■ ASSIGNED TASK
In the entries that follow, repeat exactly the lines from the one that has "Bruce Jenner has" through the one that has "Windows features on", but omit pictures.

■ TASK MATERIAL
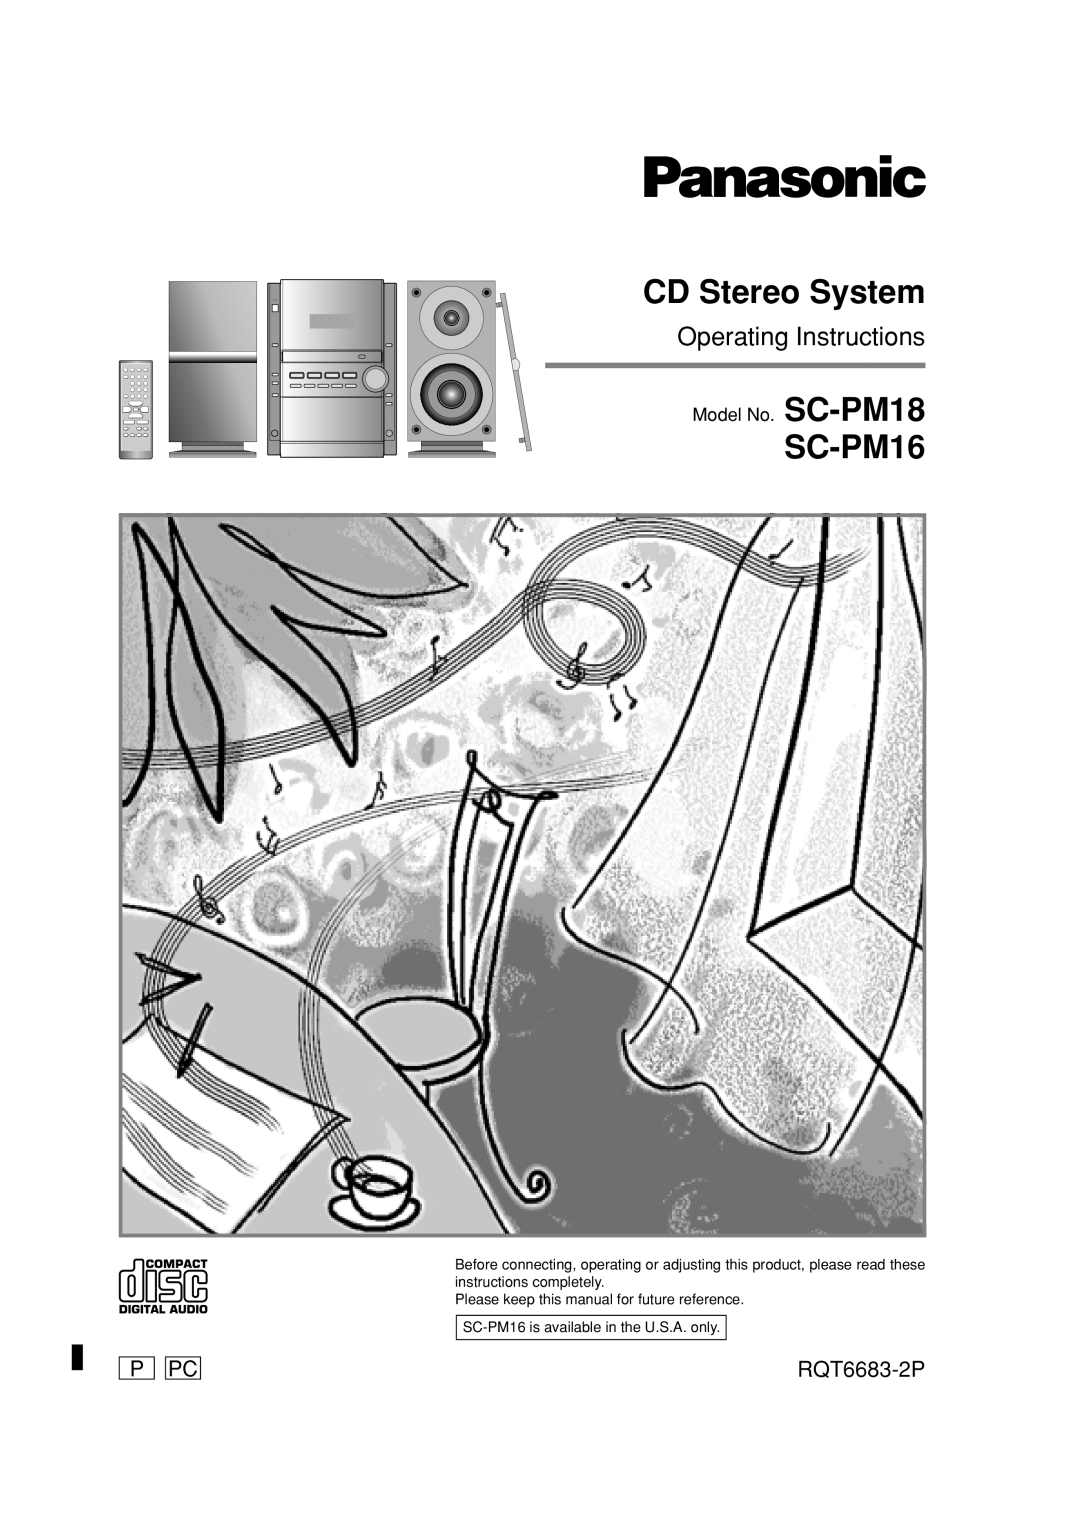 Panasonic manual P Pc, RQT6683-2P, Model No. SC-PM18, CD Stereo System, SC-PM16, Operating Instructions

---

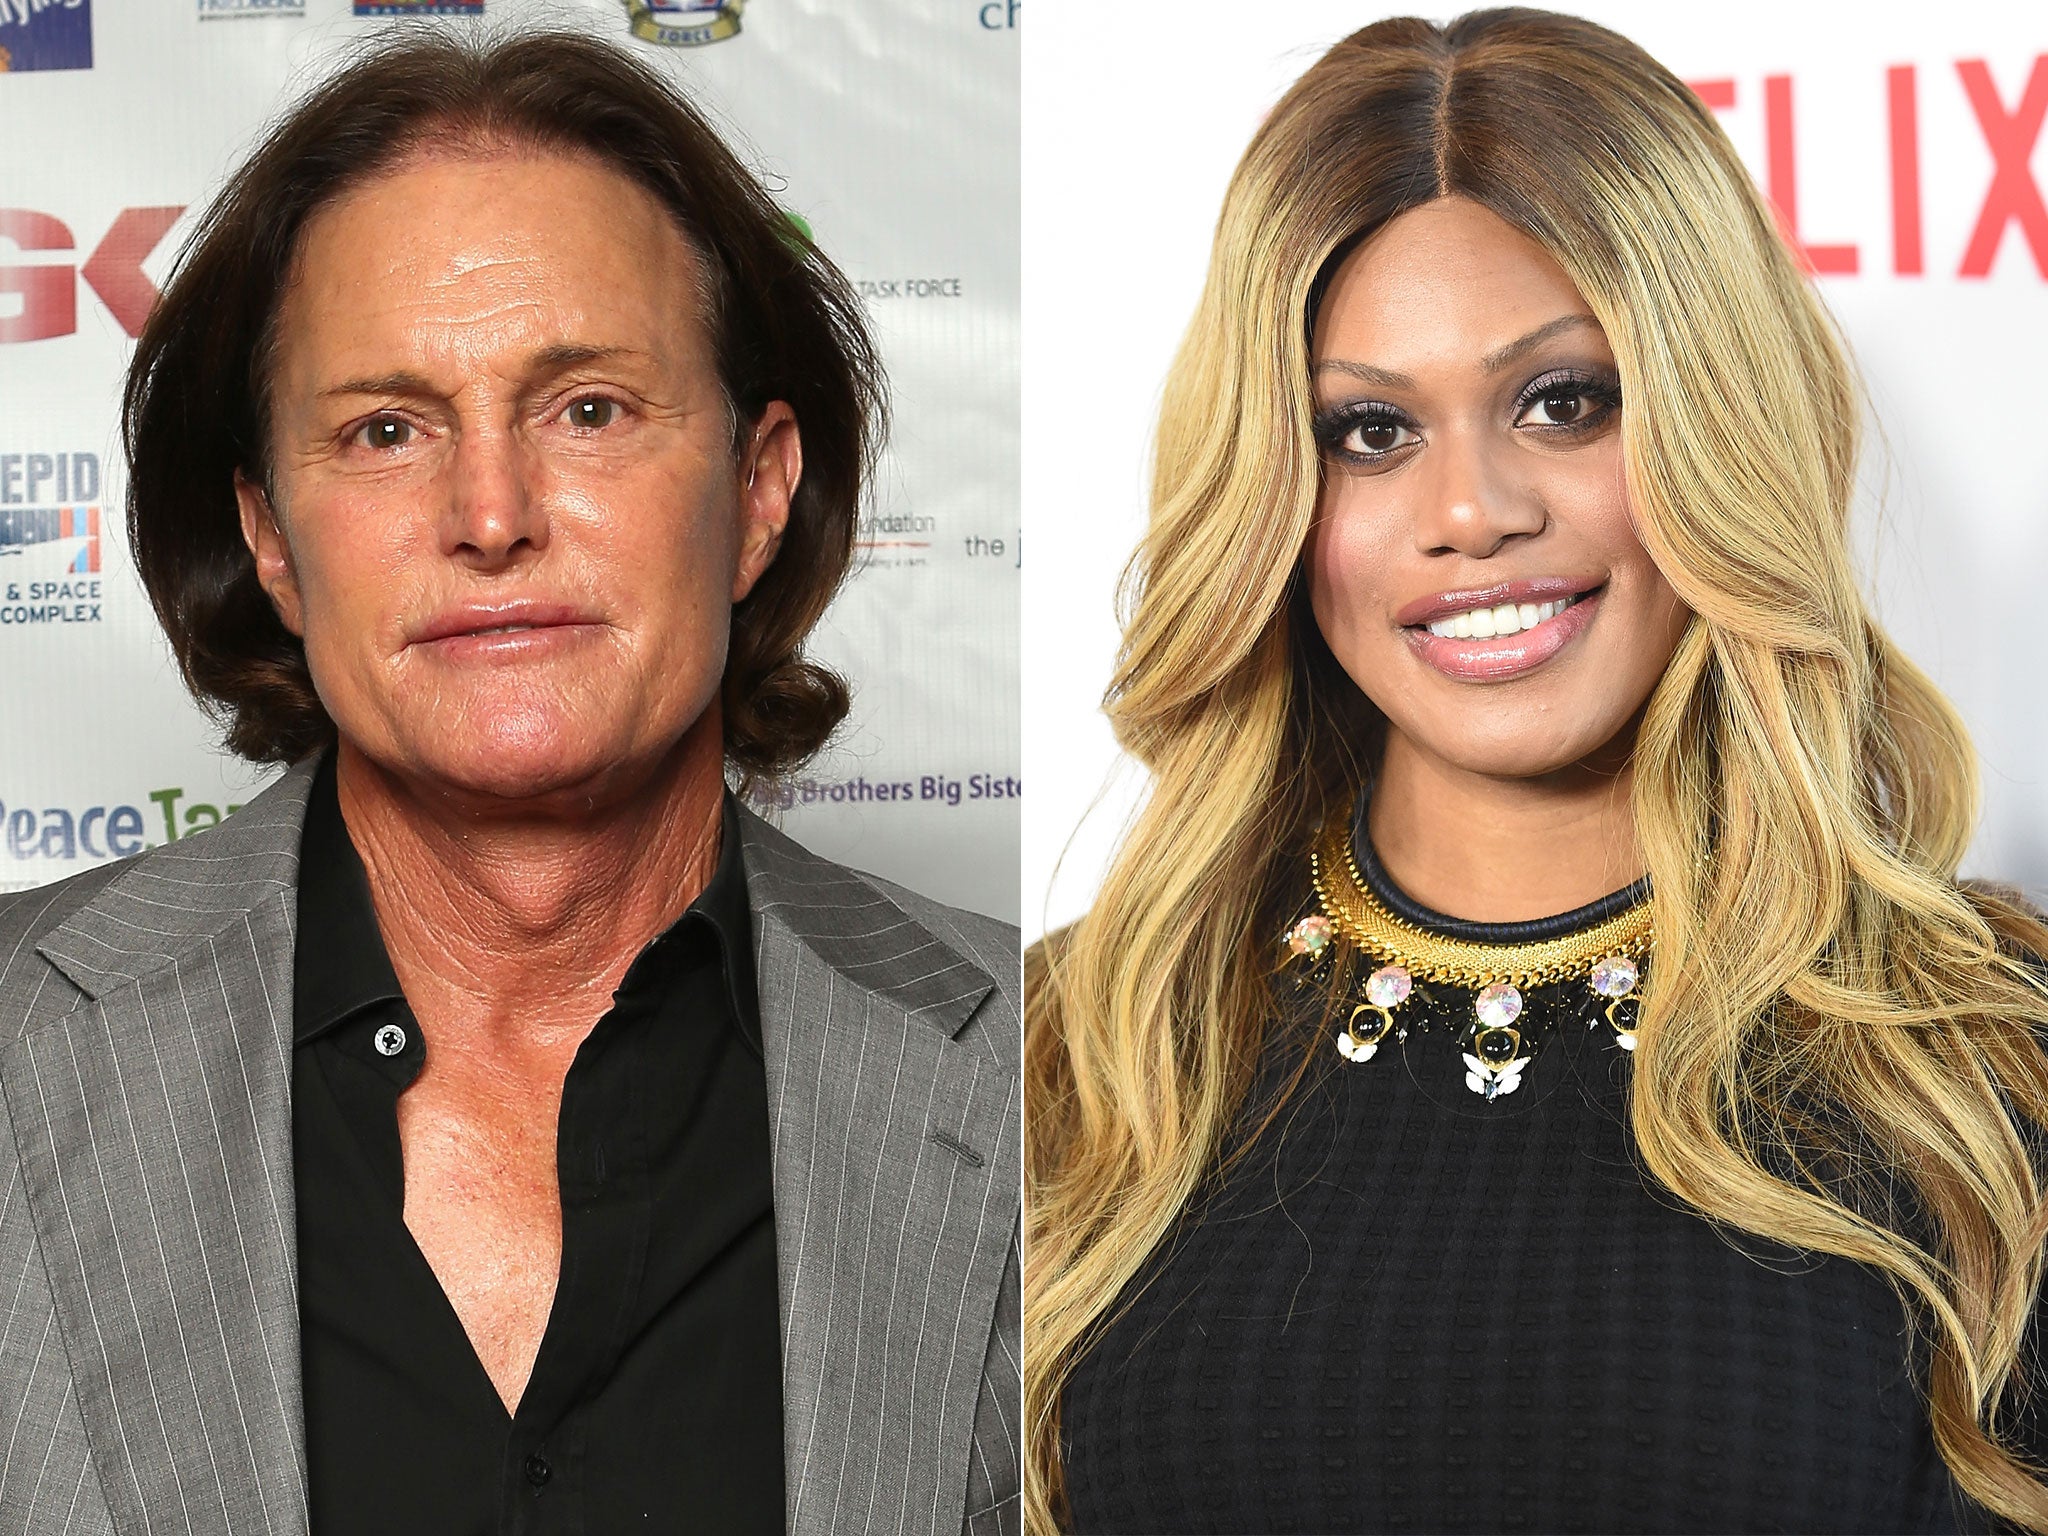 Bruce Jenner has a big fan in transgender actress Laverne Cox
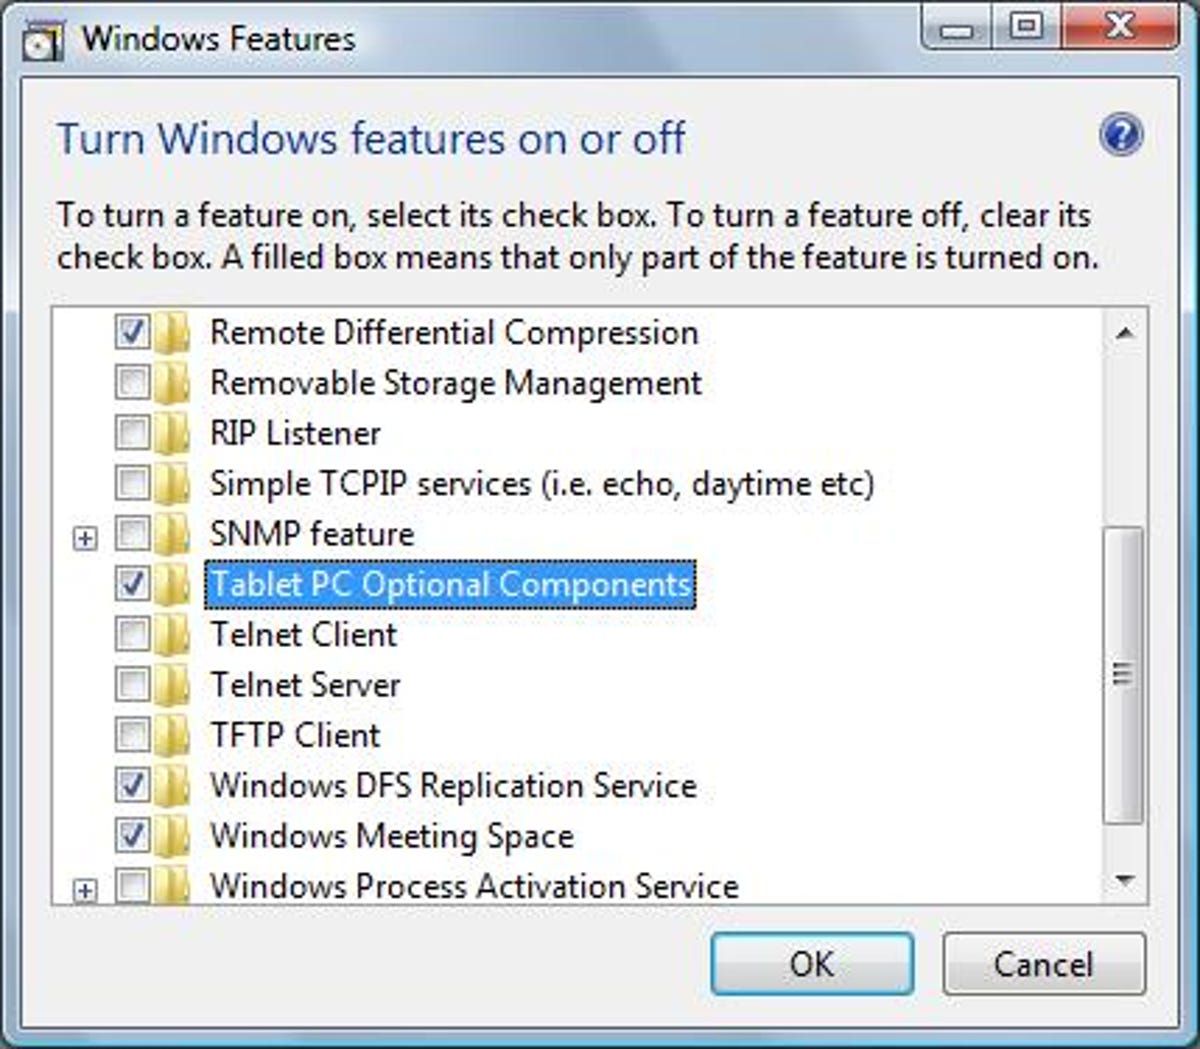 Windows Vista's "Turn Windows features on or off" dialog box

...

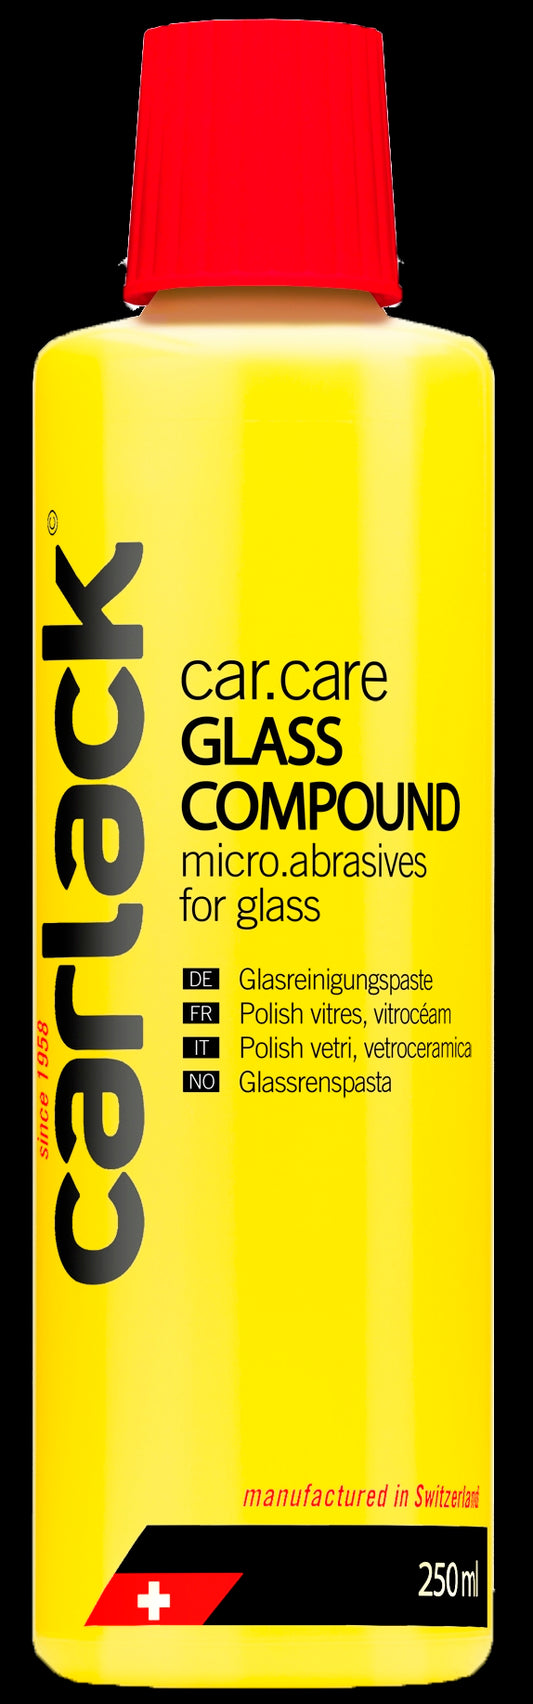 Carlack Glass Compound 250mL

■ SOLUTION
 Bruce Jenner has a big fan in transgender actress Laverne Cox
 Windows Vista's "Turn Windows features on or off" dialog box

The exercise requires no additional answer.